## Prompt
Excluding pictures, transcribe precisely the lines from the one containing "Patrick Beverley Clippers Celtics Nov 2019" to the final line of the listing below, inclusive, and nothing more.

## Data segment
'''

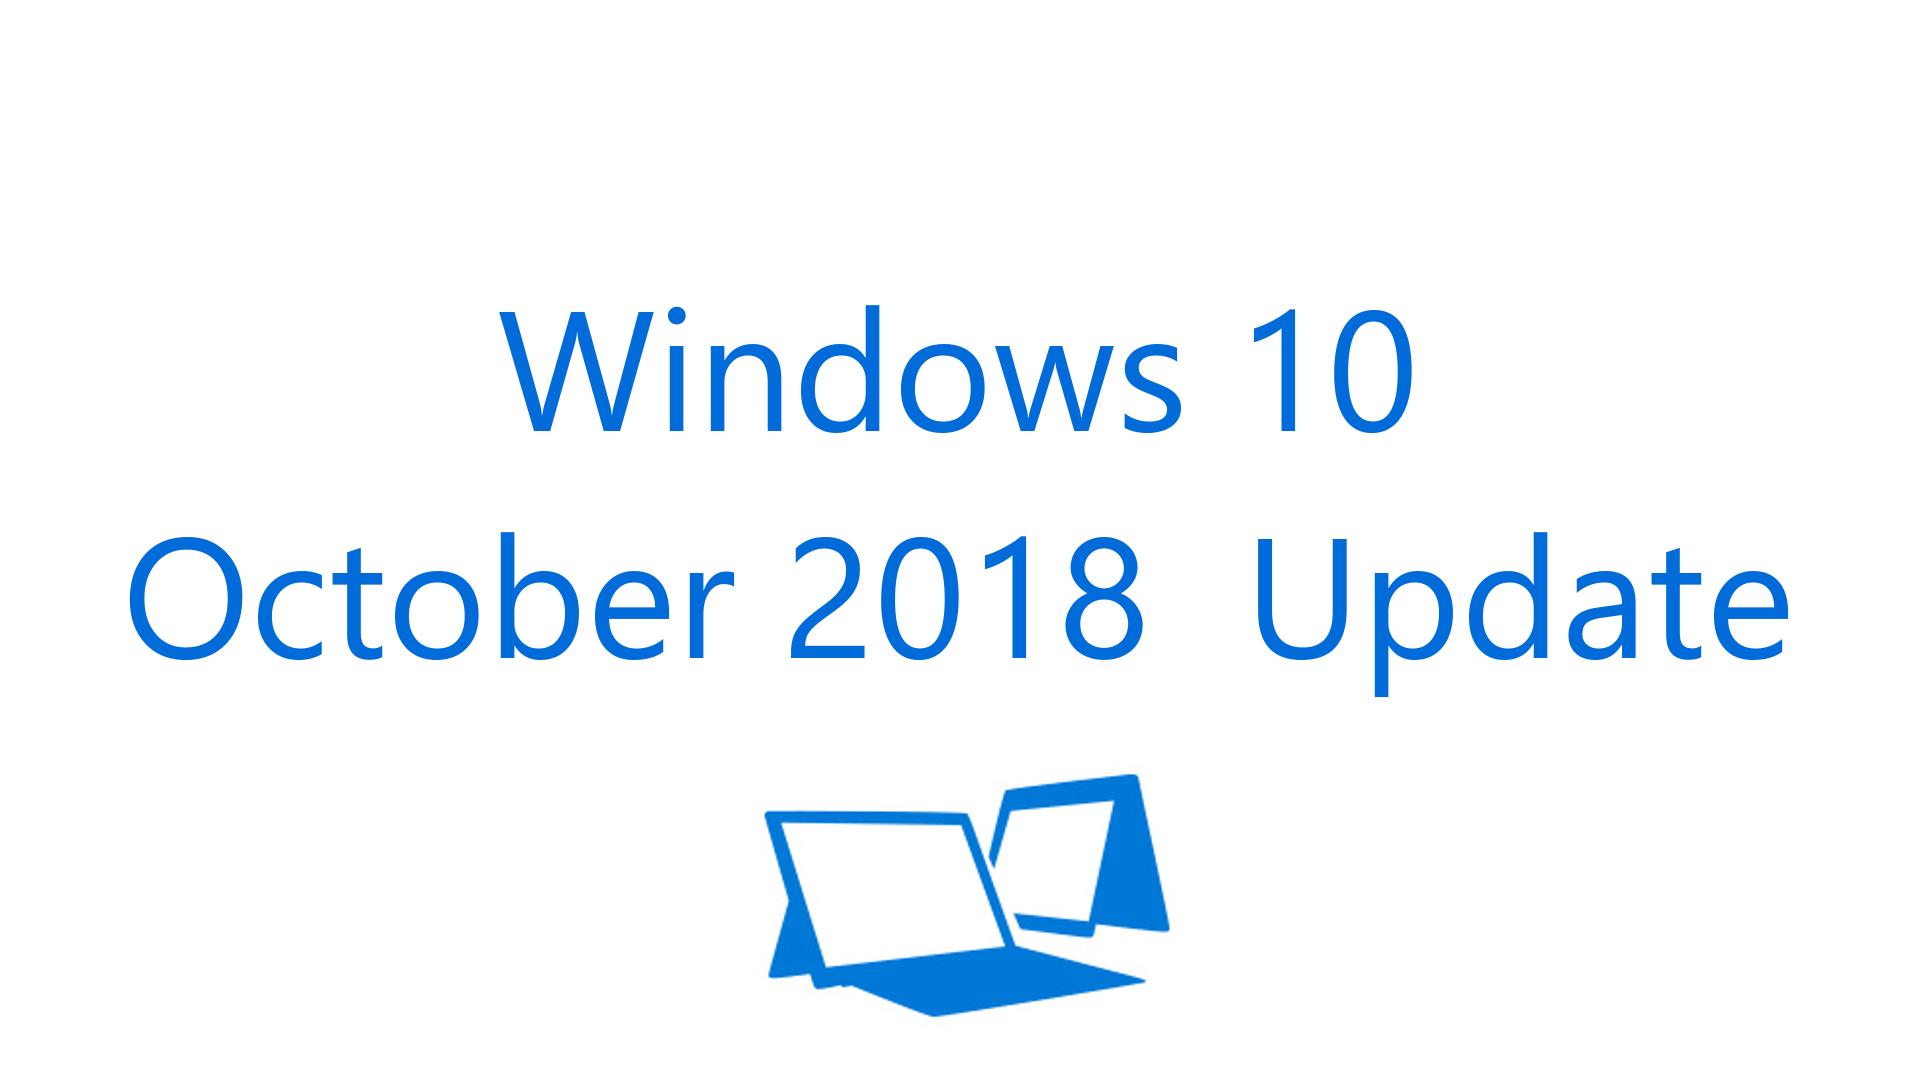 تحديث Windows 10 October 2018 Update
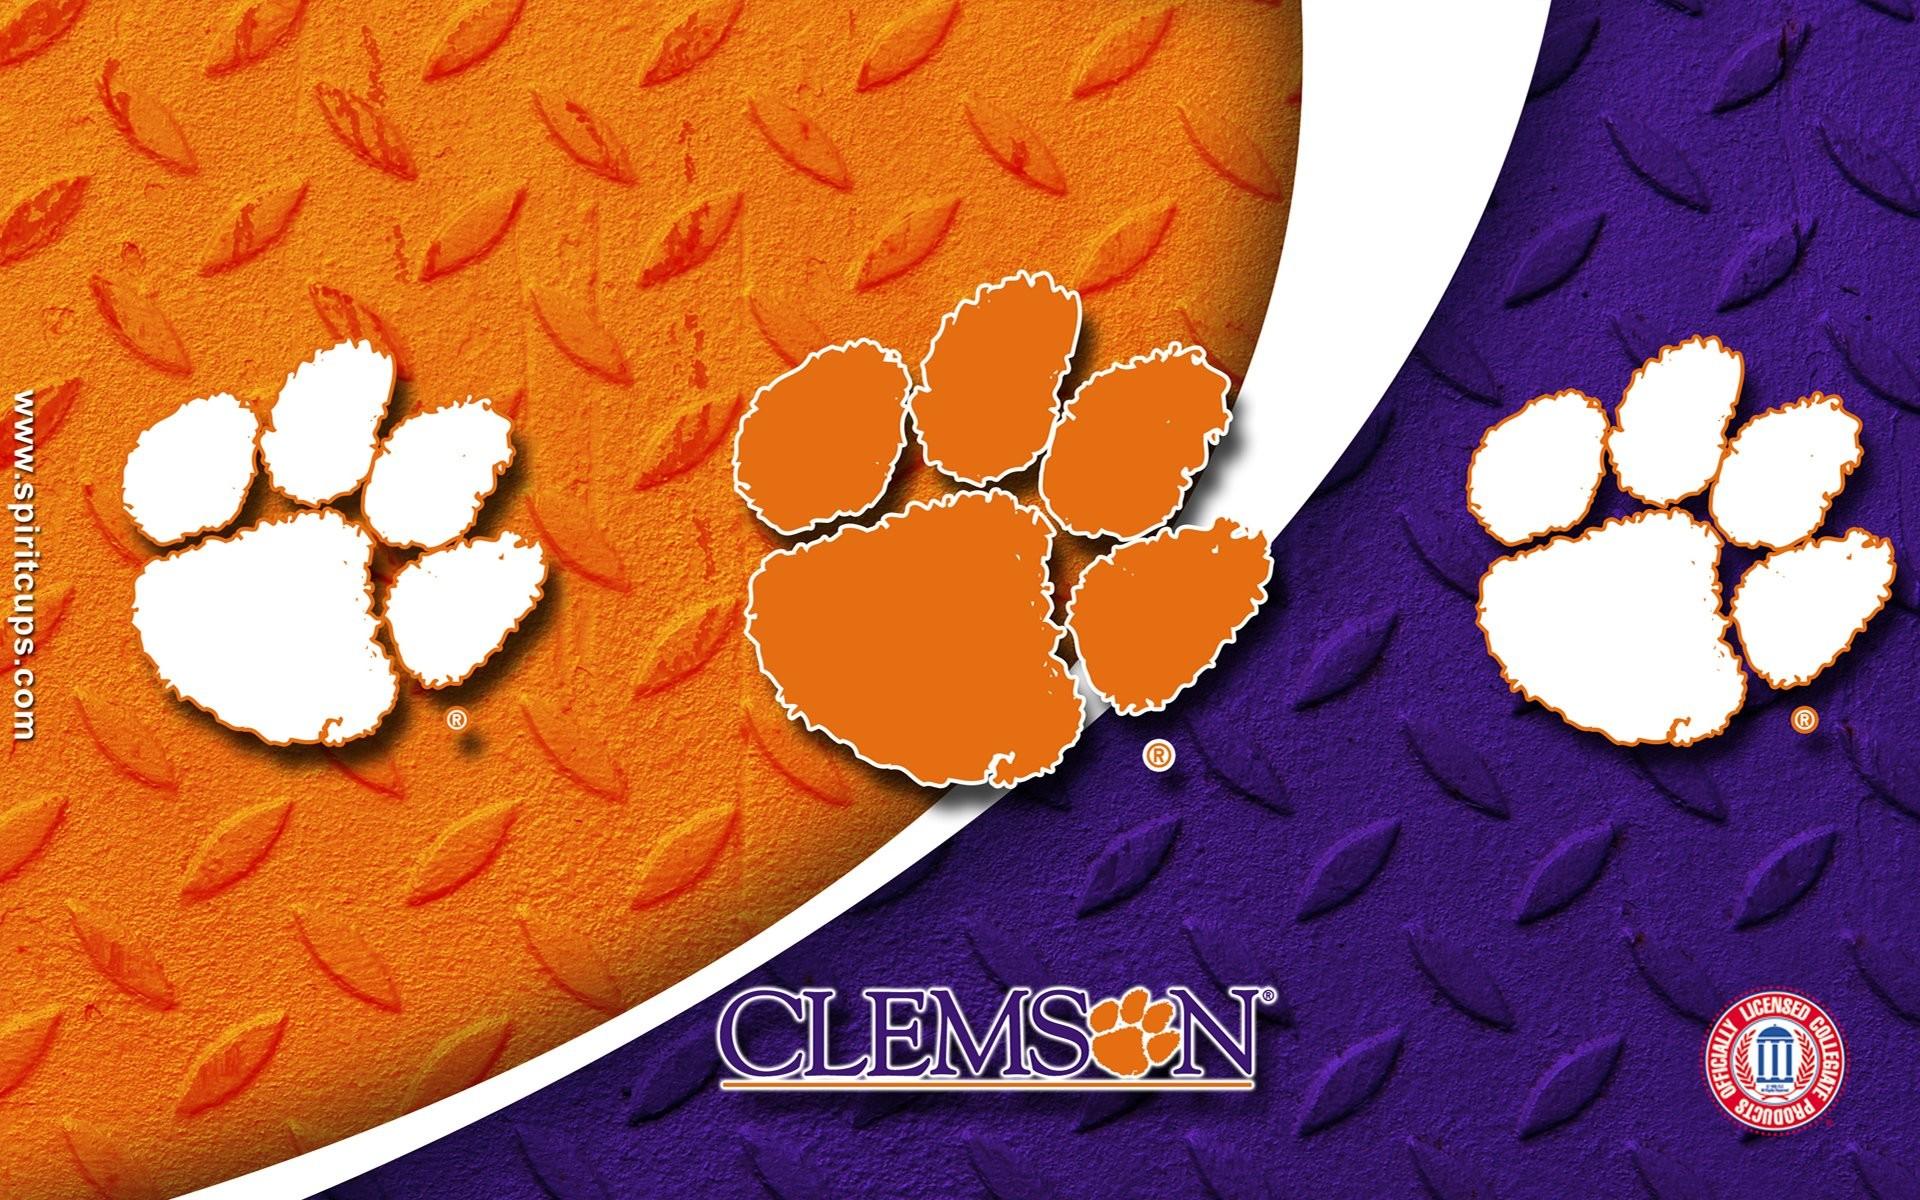 CLEMSON TIGERS college football wallpaper | | 593971 .
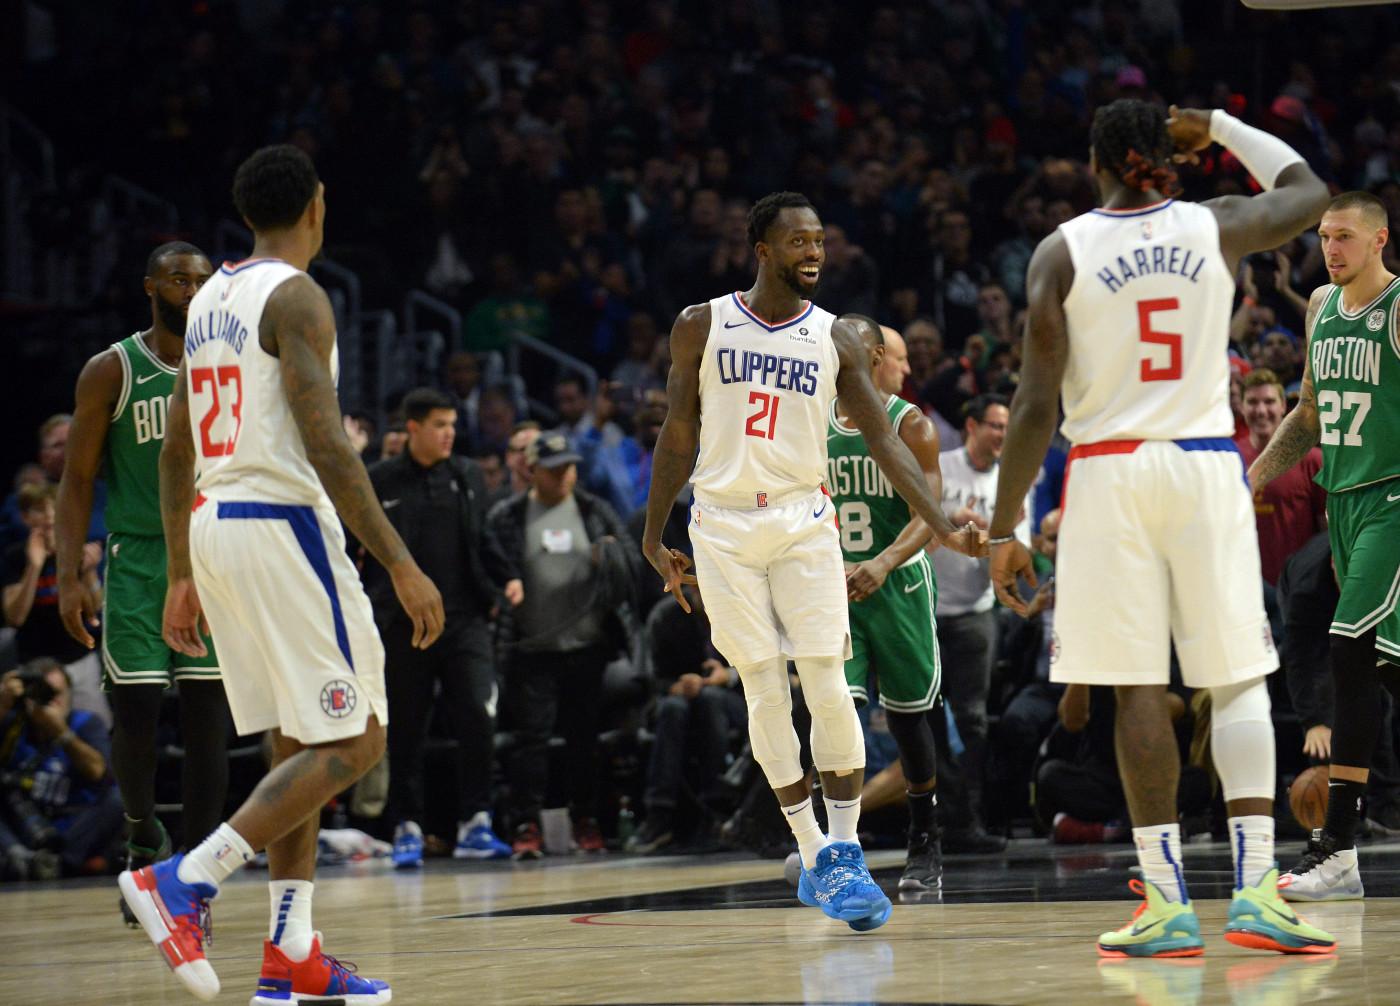 Patrick Beverley Clippers Celtics Nov 2019
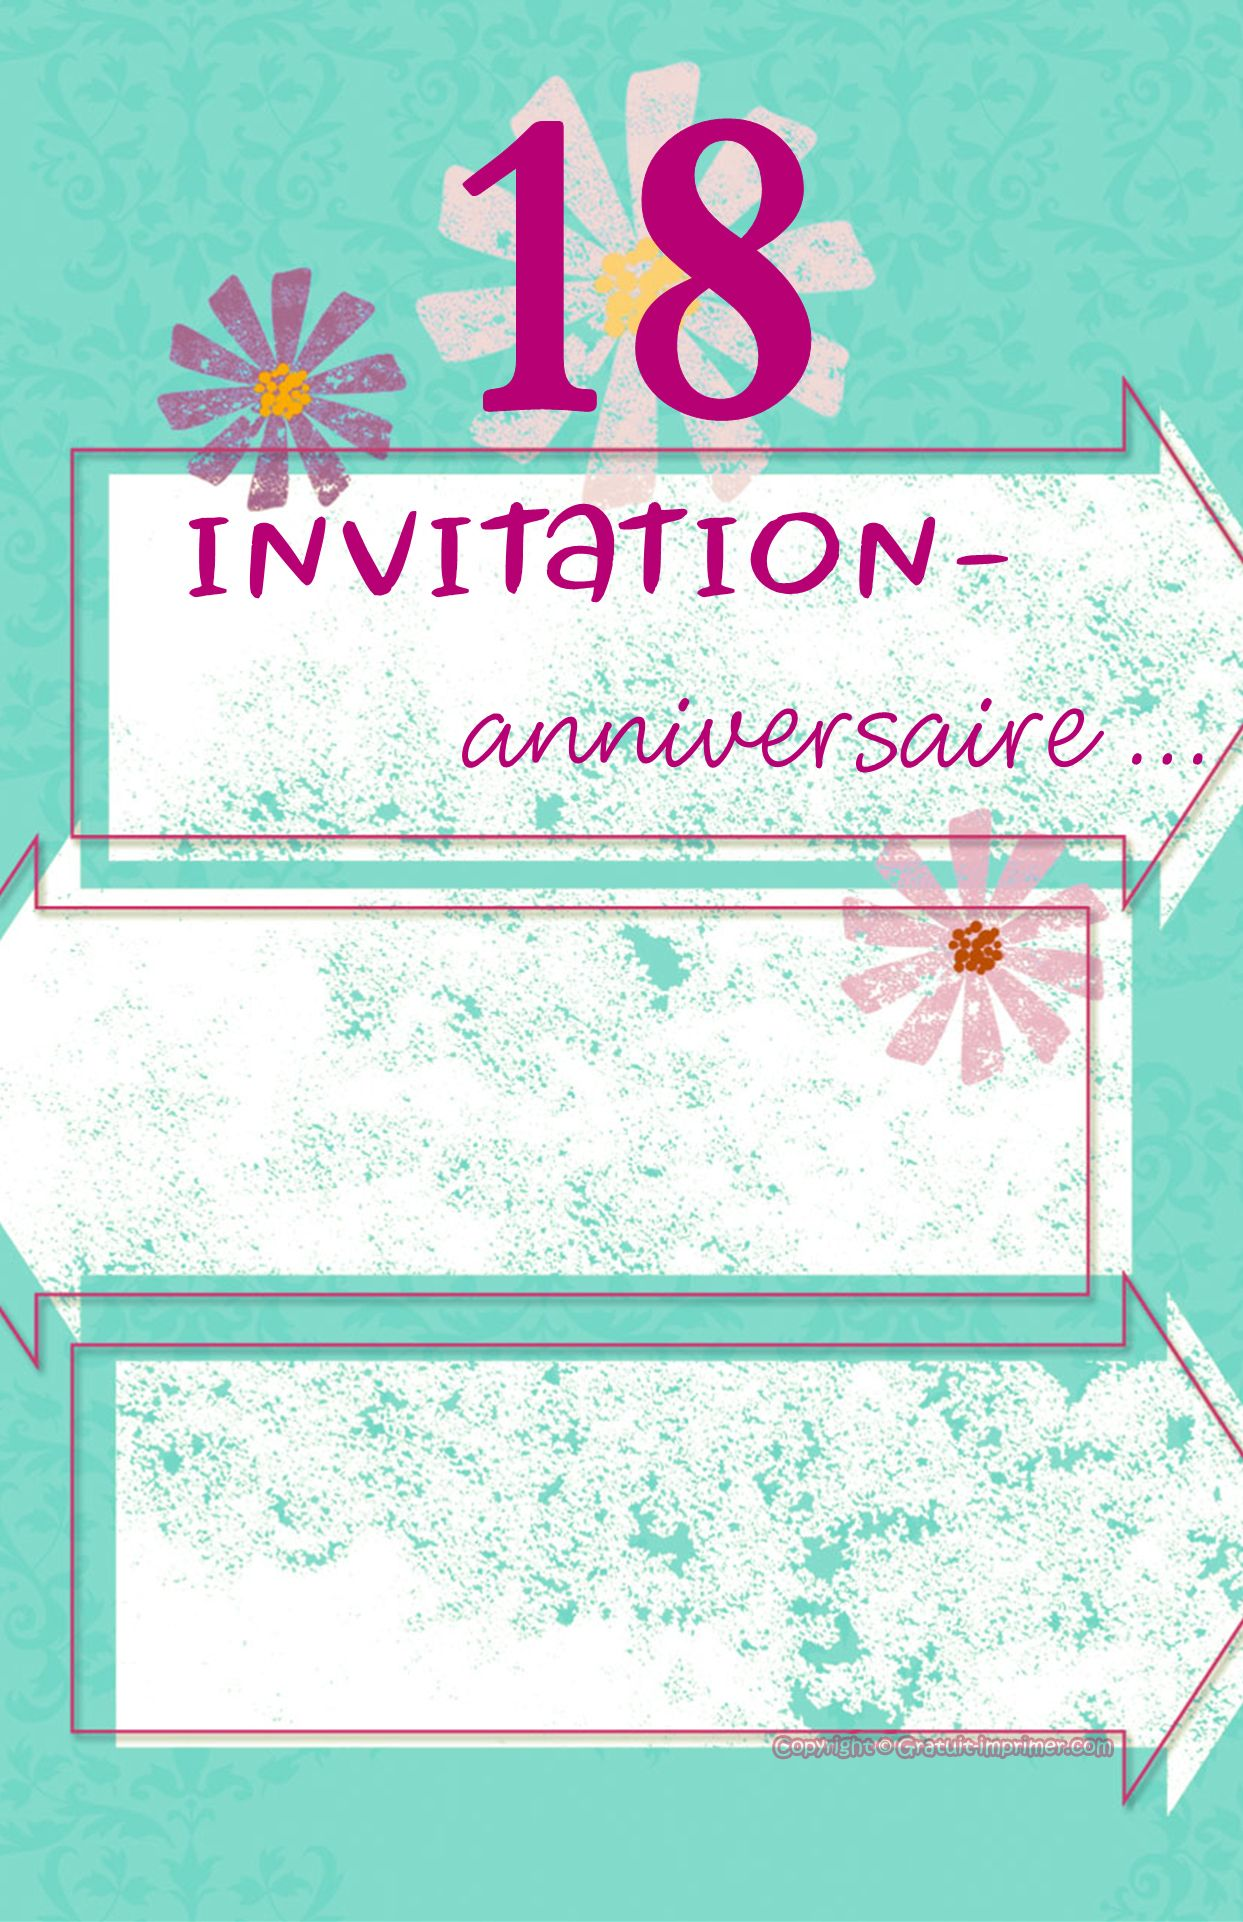 Carte Invitation Anniversaire 18 Ans Fille Jpg 1243 1922 Anniversary Invitations Invitations 18 Year Anniversary

'''

## Your response
 Patrick Beverley Clippers Celtics Nov 2019
 Carte Invitation Anniversaire 18 Ans Fille Jpg 1243 1922 Anniversary Invitations Invitations 18 Year Anniversary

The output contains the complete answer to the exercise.